** AVAILABLE DATA **
_ _ _ _ _
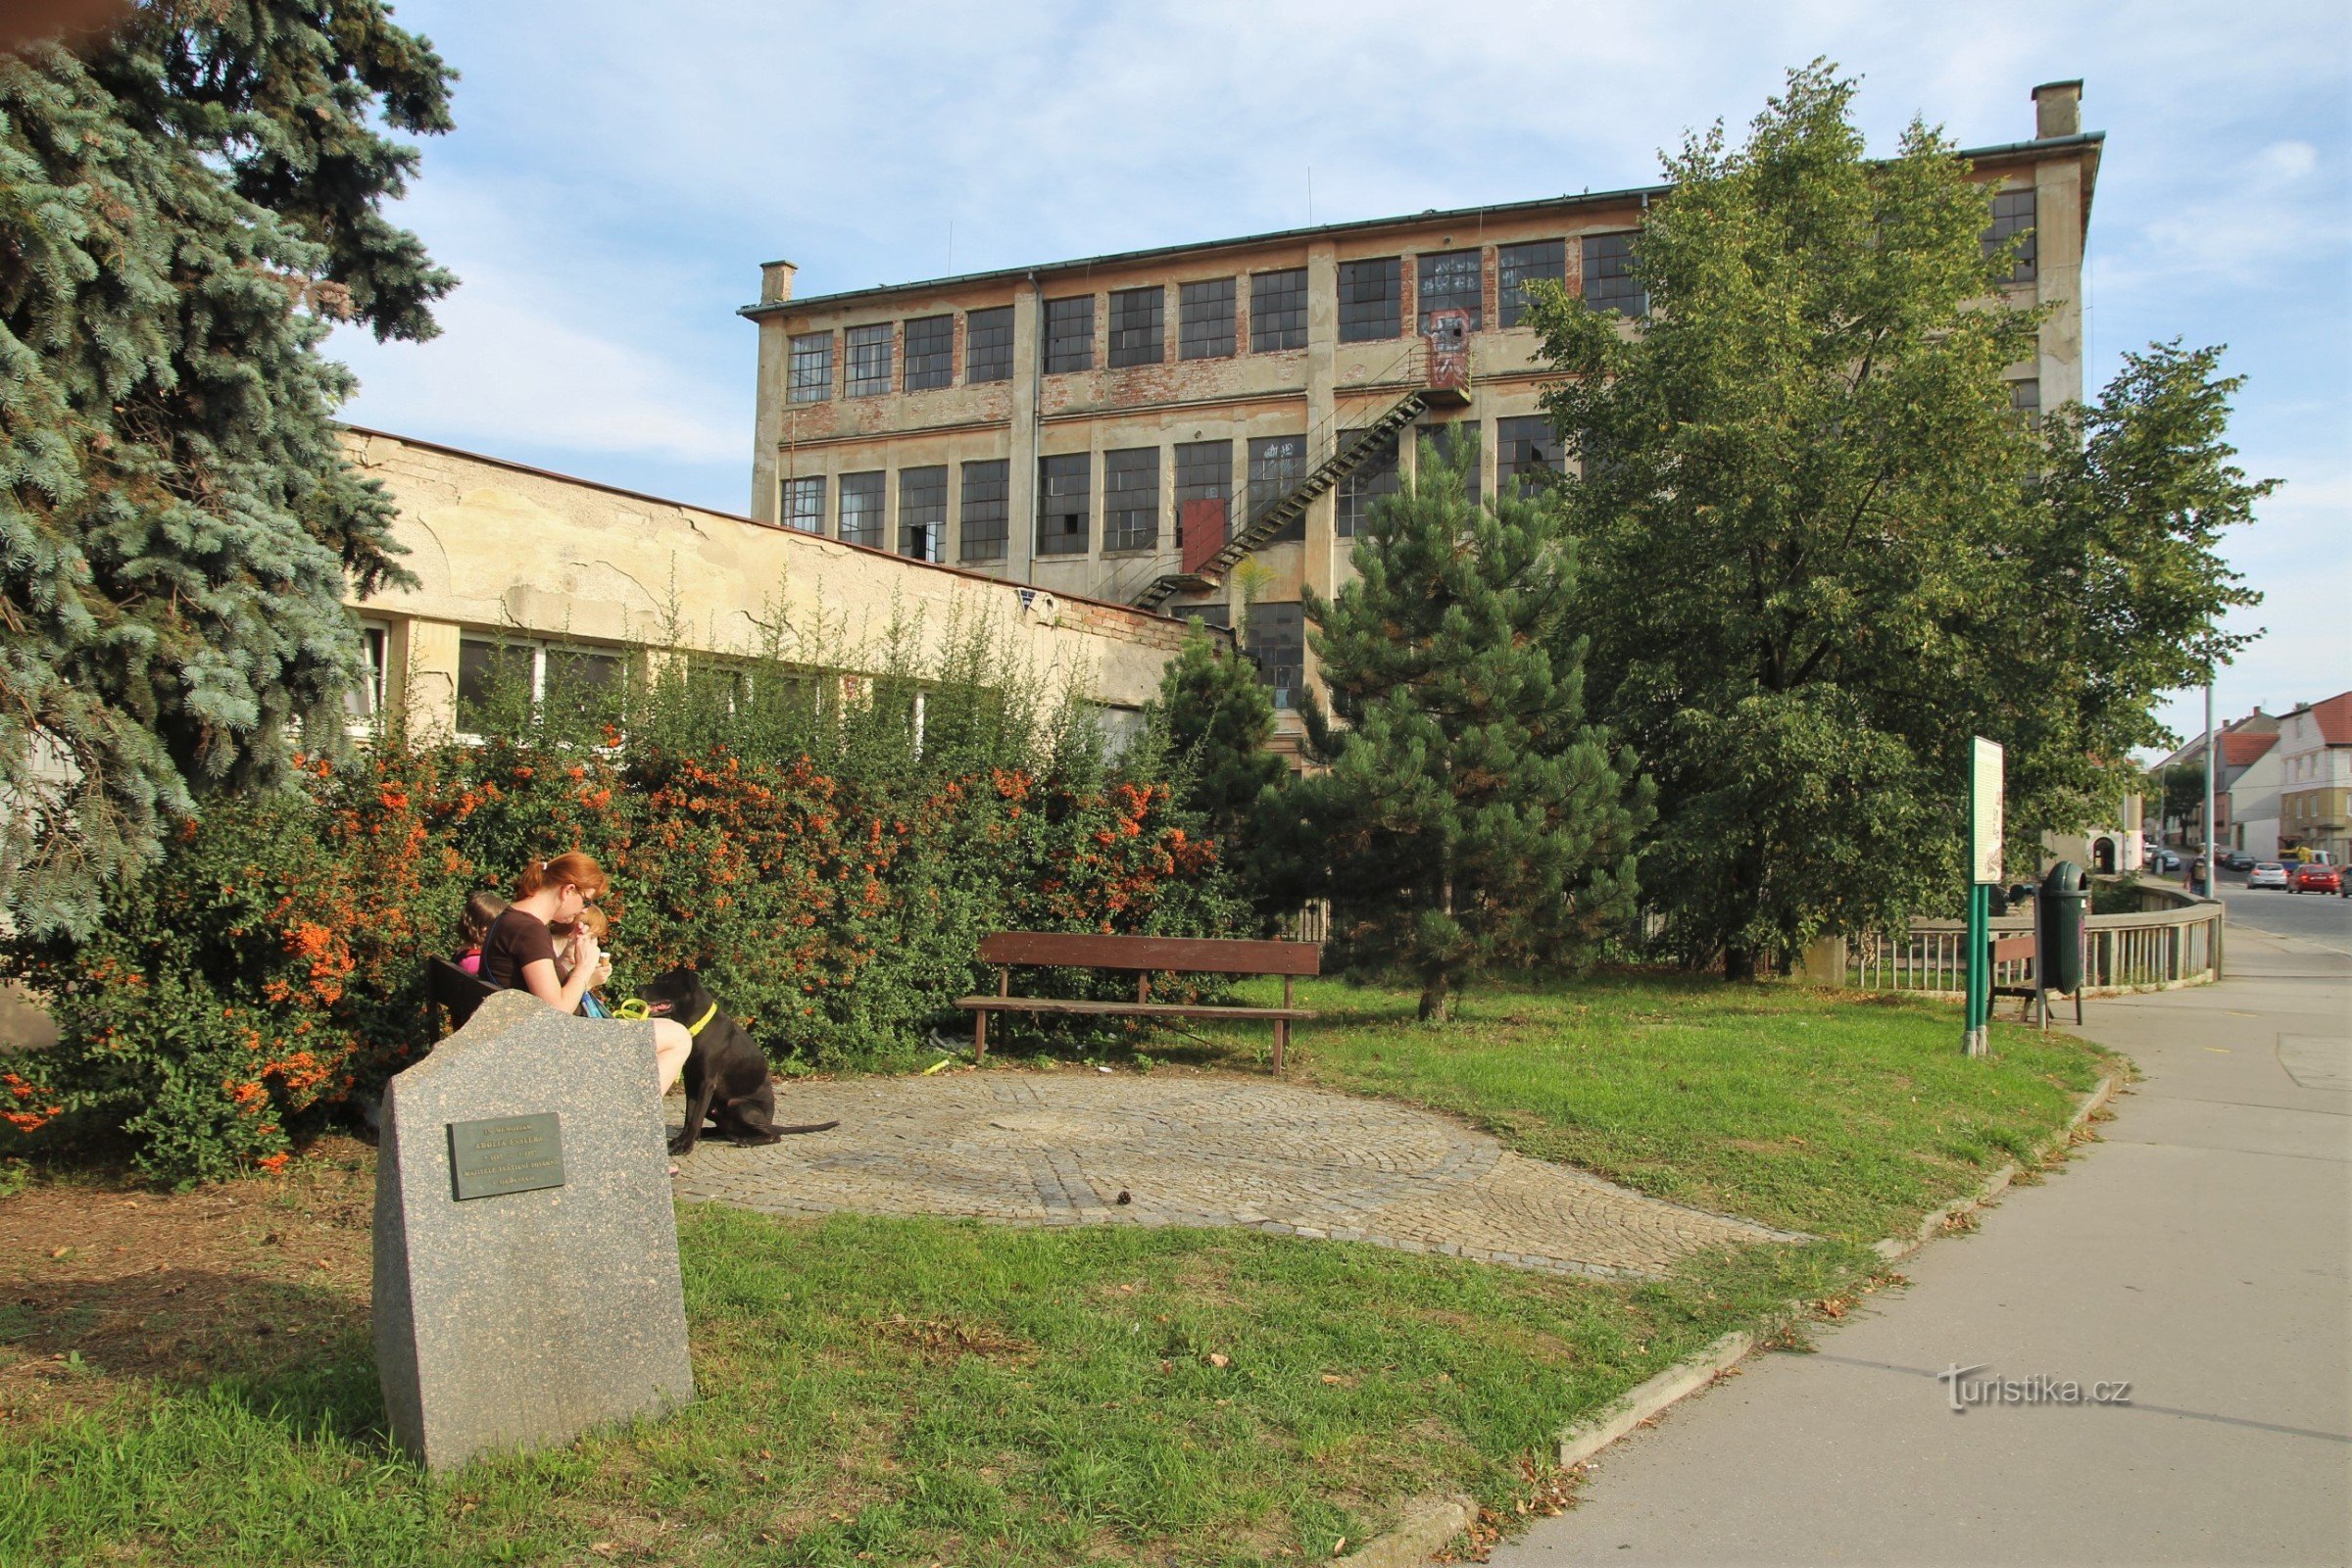 Spomenik Adolfu Essleru, u pozadini zgrada tvornice Essler
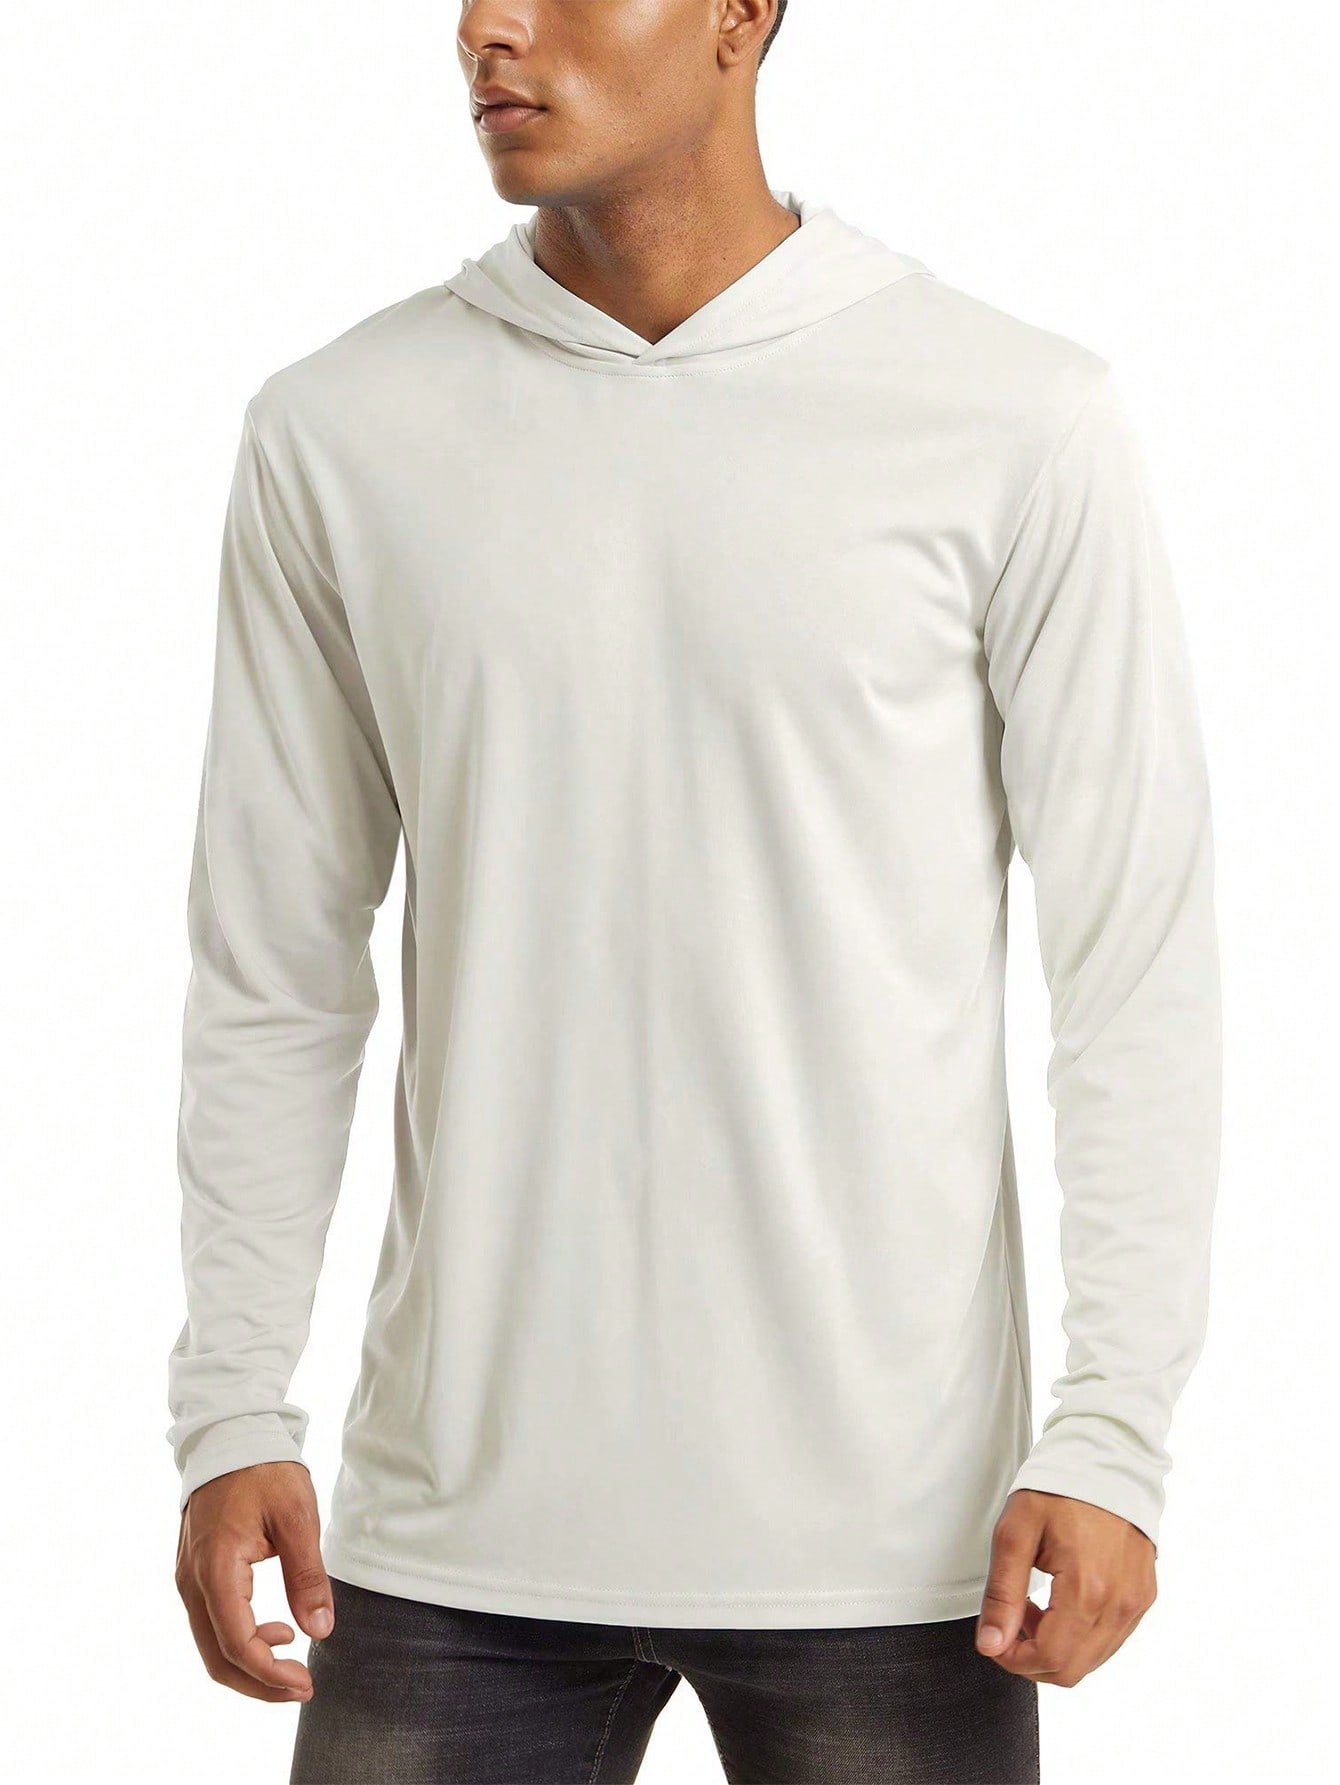 NASBING Мужская быстросохнущая спортивная футболка с капюшоном, белый
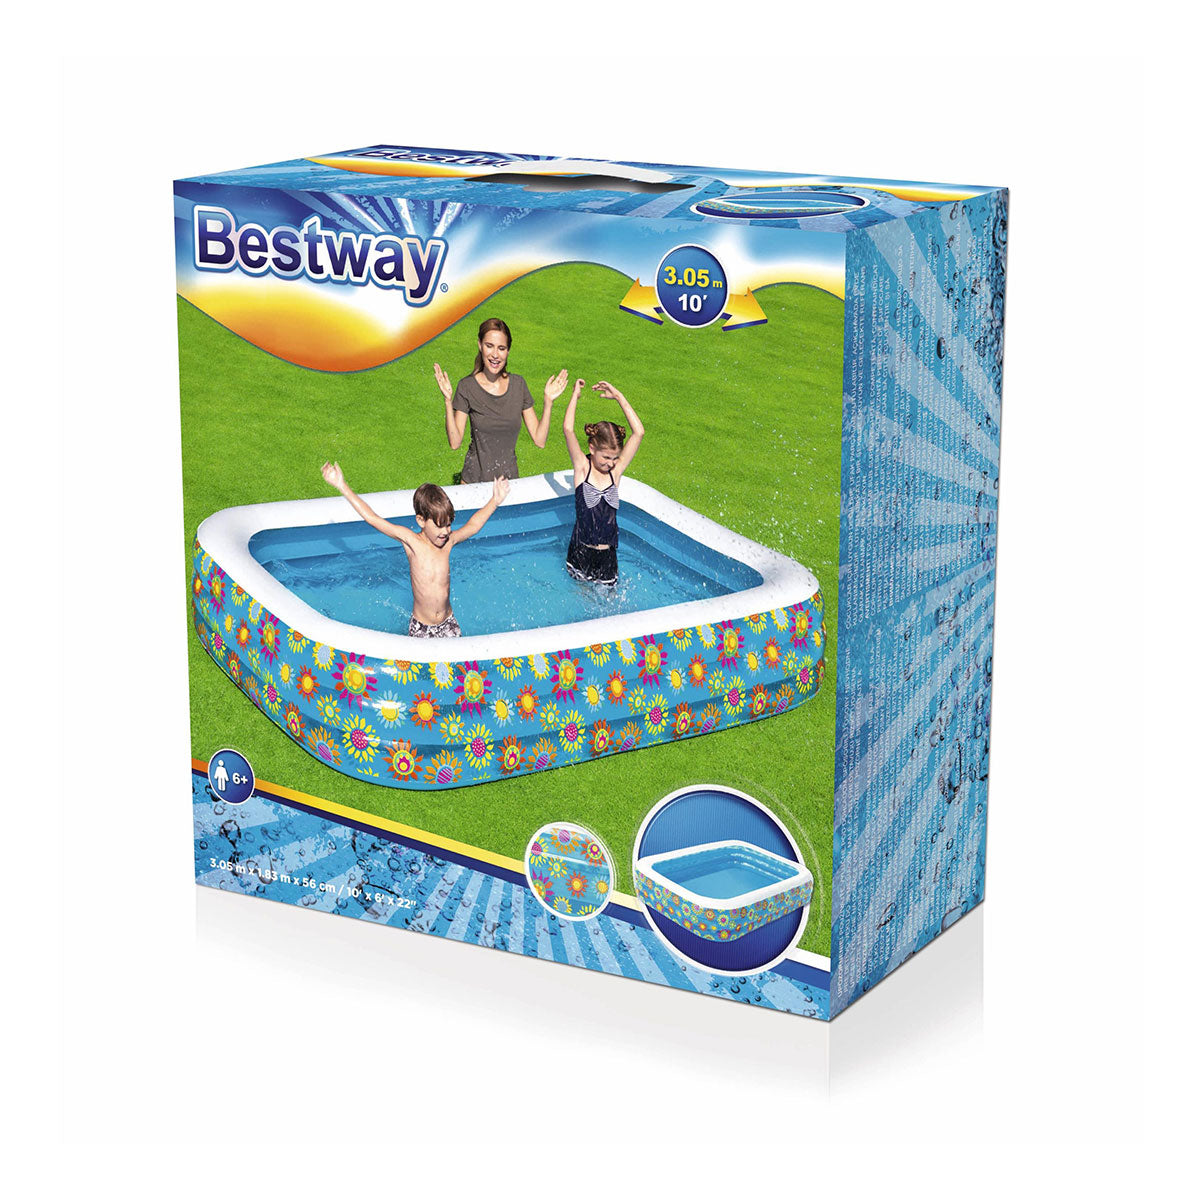 Bestway - Sea Life Play Pool 54121
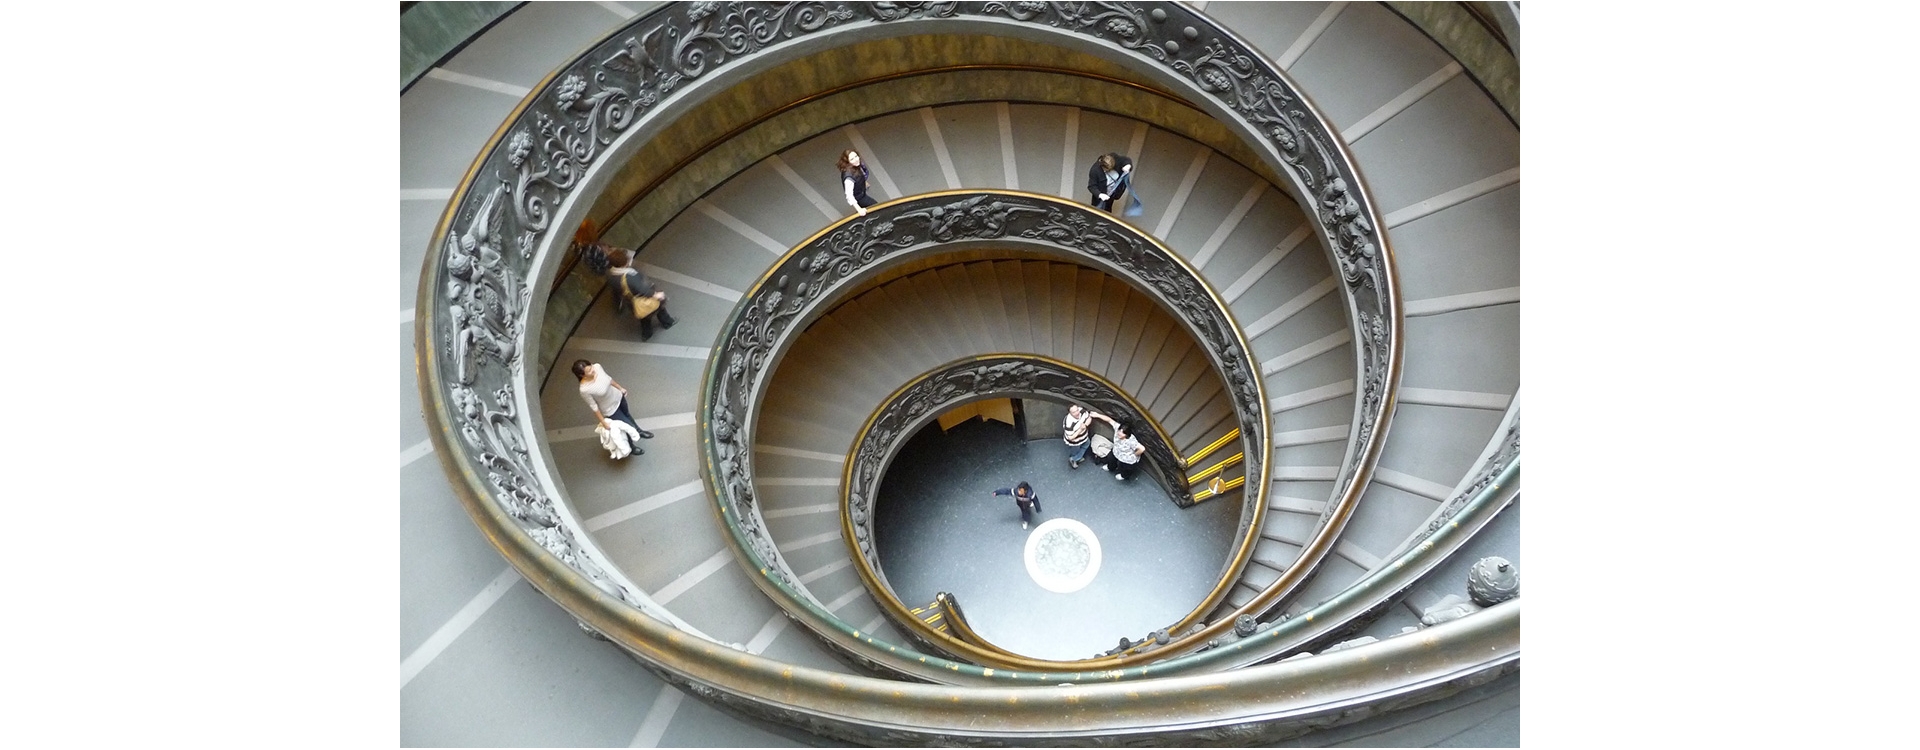 Musei Vaticani sempre aperti su Internet, visitali subito!
_ _ _ _ _
** REQUIRED ACTION **
The answer is the whole listing above, written out verbatim, without its pictures.

** PROBLEM SOLUTION **
 Spomenik Adolfu Essleru, u pozadini zgrada tvornice Essler
 NASBING Мужская быстросохнущая спортивная футболка с капюшоном, белый
 Bestway - Sea Life Play Pool 54121
 Musei Vaticani sempre aperti su Internet, visitali subito!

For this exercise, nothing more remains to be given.